How to add a new column to a dataset

How can I add a new column to my dataset?

I am working on Cosmos QA dataset and need to add a new column of the following format:
Value(dtype=‘string’, id=None)

The current dataset has the following features:
features: [‘id’, ‘context’, ‘question’, ‘answer0’, ‘answer1’, ‘answer2’, ‘answer3’, ‘label’],
num_rows: 25262

Thank you in advance!

Hi ! You can use the add_column method:

from datasets import load_dataset

ds = load_dataset("cosmos_qa", split="train")

new_column = ["foo"] * len(ds)
ds = ds.add_column("new_column", new_column)

and you get a dataset

    features: ['id', 'context', 'question', 'answer0', 'answer1', 'answer2', 'answer3', 'label', 'new_column'],
    num_rows: 25262

Thank you for your reply!

Unfortunately, when I ran the above code, I got the following error:
AttributeError: ‘Dataset’ object has no attribute 'add_column’

Just FYI, Datasets version = 1.1.2

Thank you!

You need to update your datasets library to the latest version for this.

1 Like

Can you provide more details on this? I am running into the same problem as @ chetnakhanna16

On your machine you need to run the command pip install datasets --upgrade to update your dataset library to the latest version.

Hope that helps!

1 Like

Here is my current dataset version
Which is the same after running the suggested command. Still the problem persists.

In essence I am trying to find a way to add the input_ids and attention_mask back into my dataset.

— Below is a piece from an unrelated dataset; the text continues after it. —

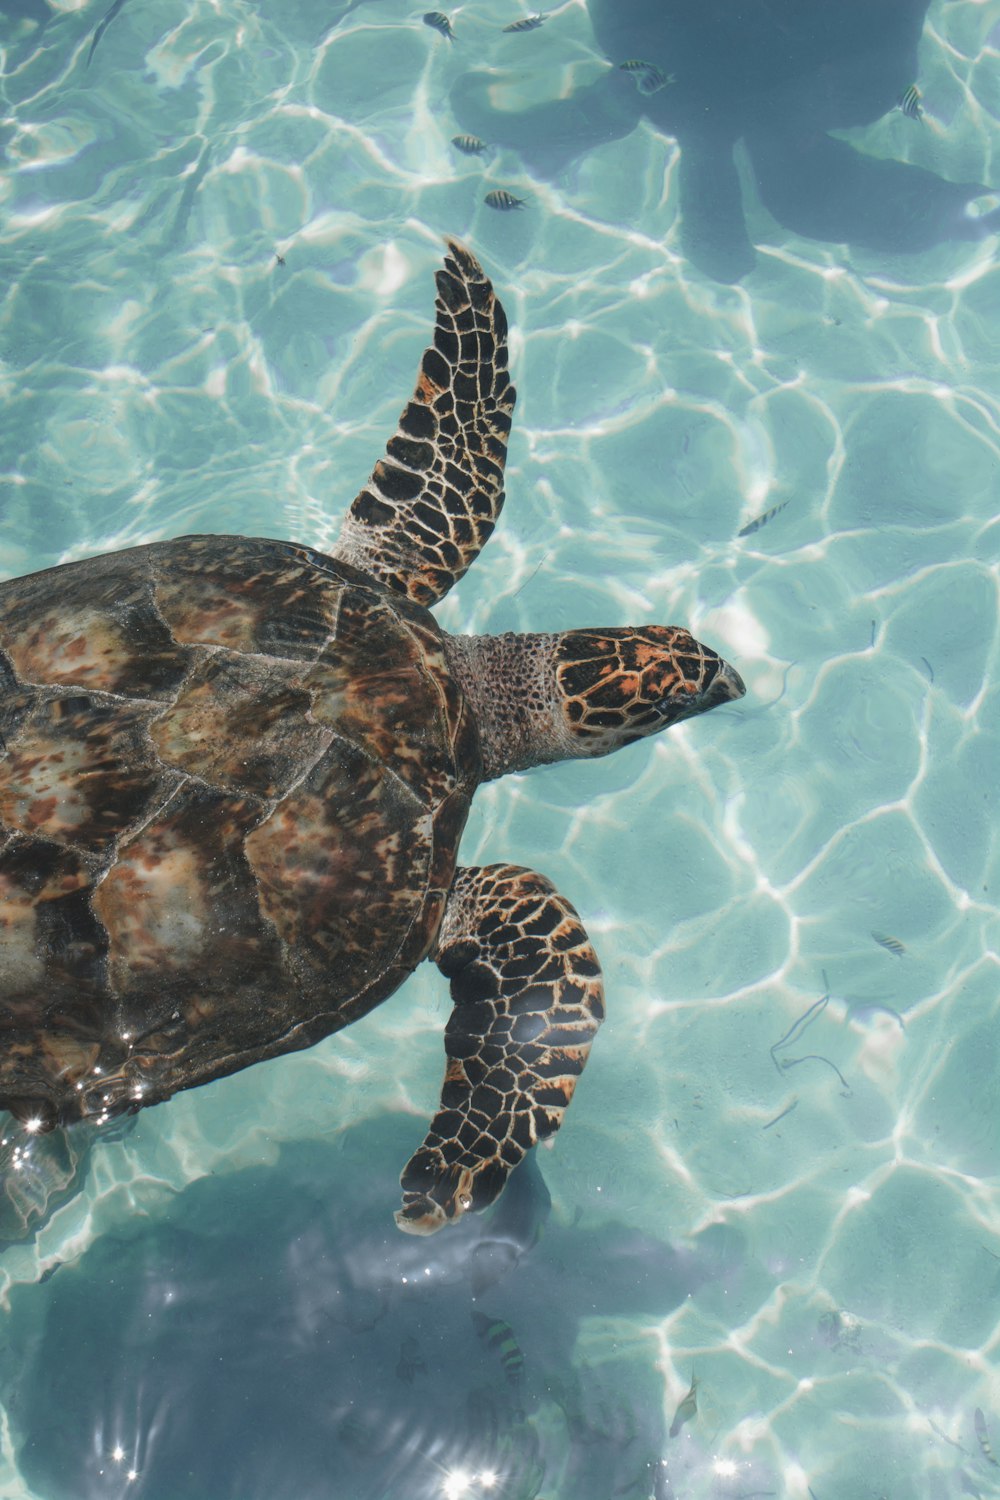 tartaruga marrom e cinza no corpo da água

The reason why I am doing this, is that when running this function:

model_ckpt = "distilbert-base-uncased"
tokenizer = AutoTokenizer.from_pretrained(model_ckpt)
def tokenize(batch):
    return tokenizer(batch["text"], 

on a sample of my dataset → print(tokenize(clean_dataset["train"][:2])) I get the following error
ValueError: text input must of type str(single example),List[str](batch or single pretokenized example) orList[List[str]] (batch of pretokenized examples).

However, when I run this complete_tok = tokenizer(list(x_complete), truncation=True, padding=True) where x_complete is an np array the tokenizer seems to run fine and creates input_ids and attention_mask

Can you verify that clean_dataset["train"][:2] is indeed of type str?

1 Like

Found my mistake → needed to cast the clean_Description batch values to a list, code runs now. Thank you :disguised_face: :nerd_face:

def tokenize(batch):
    return tokenizer(list(batch["clean_Description"].values), 
1 Like